Purpose : To validate a simple, sensitive, and multifunctional endogenous protein tagging approach that enables small molecule/genetic high-throughput screens (HTS) and the probing of ocular disease-related biology.

Methods : CRISPR/Sp.Cas9 engineering was used to introduce an 11 amino acid luminescent peptide tag (HiBiT) onto proteins associated with age-related macular degeneration (AMD) - complement factor H (CFH) and high temperature requirement A1 (HtrA1) in immortalized and induced pluripotent stem cell (iPSC)-derived retinal pigment epithelial (RPE) cells. We appended this same tag also onto pigment epithelium-derived factor (PEDF), a cytoprotective protein produced in the retina. Editing was verified by genomic DNA analysis, short interfering RNA, and HiBiT blotting. Native quaternary structure was determined by size-exclusion chromatography (SEC). Small molecule HTS was performed on HtrA1 HiBiT cells, yielding potential enhancing compounds. These compounds were further examined for mechanism of action and via HiBiT assays, qPCR, and label-free proteomics.

Results : CRISPR editing resulted in editing rates of 55-88%. siRNA verified the specificity of the tagging. Denaturing HiBiT blotting demonstrated a single tagged species for HtrA1 and PEDF (~50 kDa), and two species for CFH (full length and FHL-1). However, SEC followed by a HiBiT assay demonstrated the formation of higher order species (~400 kDa) under native conditions in CFH and HtrA1 media samples. Small molecule HTS on HtrA1 HiBiT cells identified compounds that significantly enhanced secreted and intracellular HtrA1 levels, which was confirmed upon follow up and secondary assays.

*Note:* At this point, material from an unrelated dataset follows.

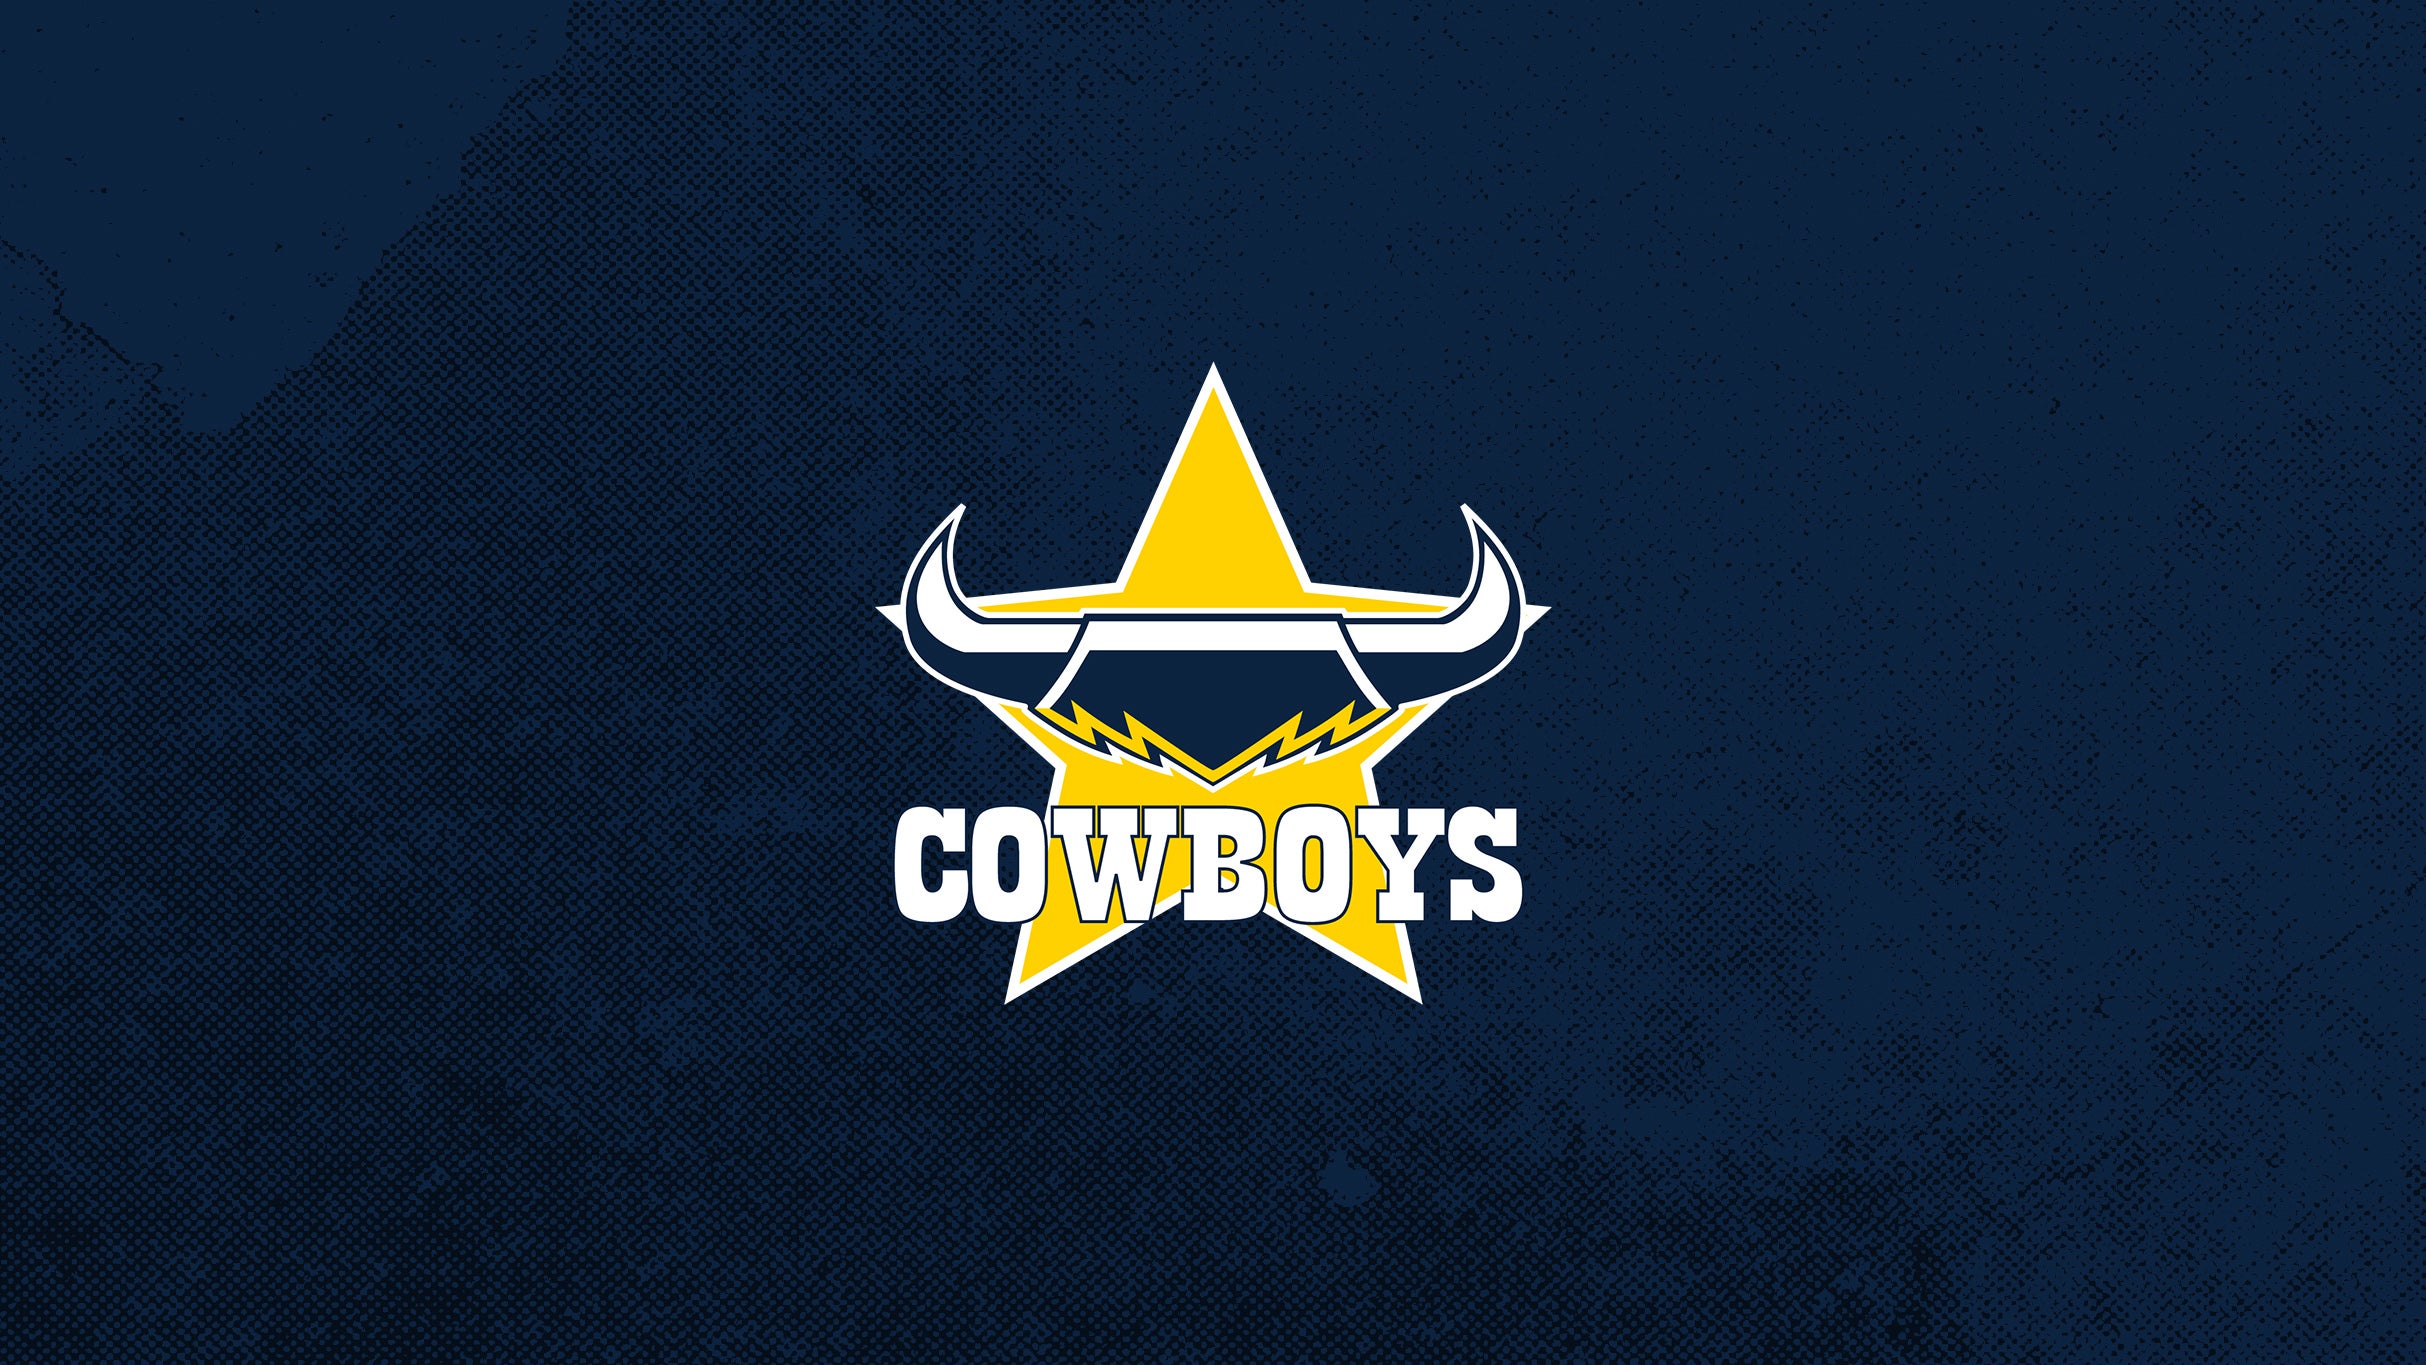 North Queensland Toyota Cowboys v Brisbane Broncos (Round 23) in Townsville promo photo for Cowboys Members presale offer code

Conclusions : HiBiT tagging serves as a simple and effective method to monitor endogenous protein production, native conformation/size and regulation. HiBiT cell lines can be used to easily and quickly perform HTS, identifying new lead small molecule regulators of retinal degeneration-associated proteins. We envision that this strategy can be used to gain insight into many disease-associated ocular proteins and identify new small molecule or genetic therapeutics for vision disorders.

This abstract was presented at the 2023 ARVO Annual Meeting, held in New Orleans, LA, April 23-27, 2023.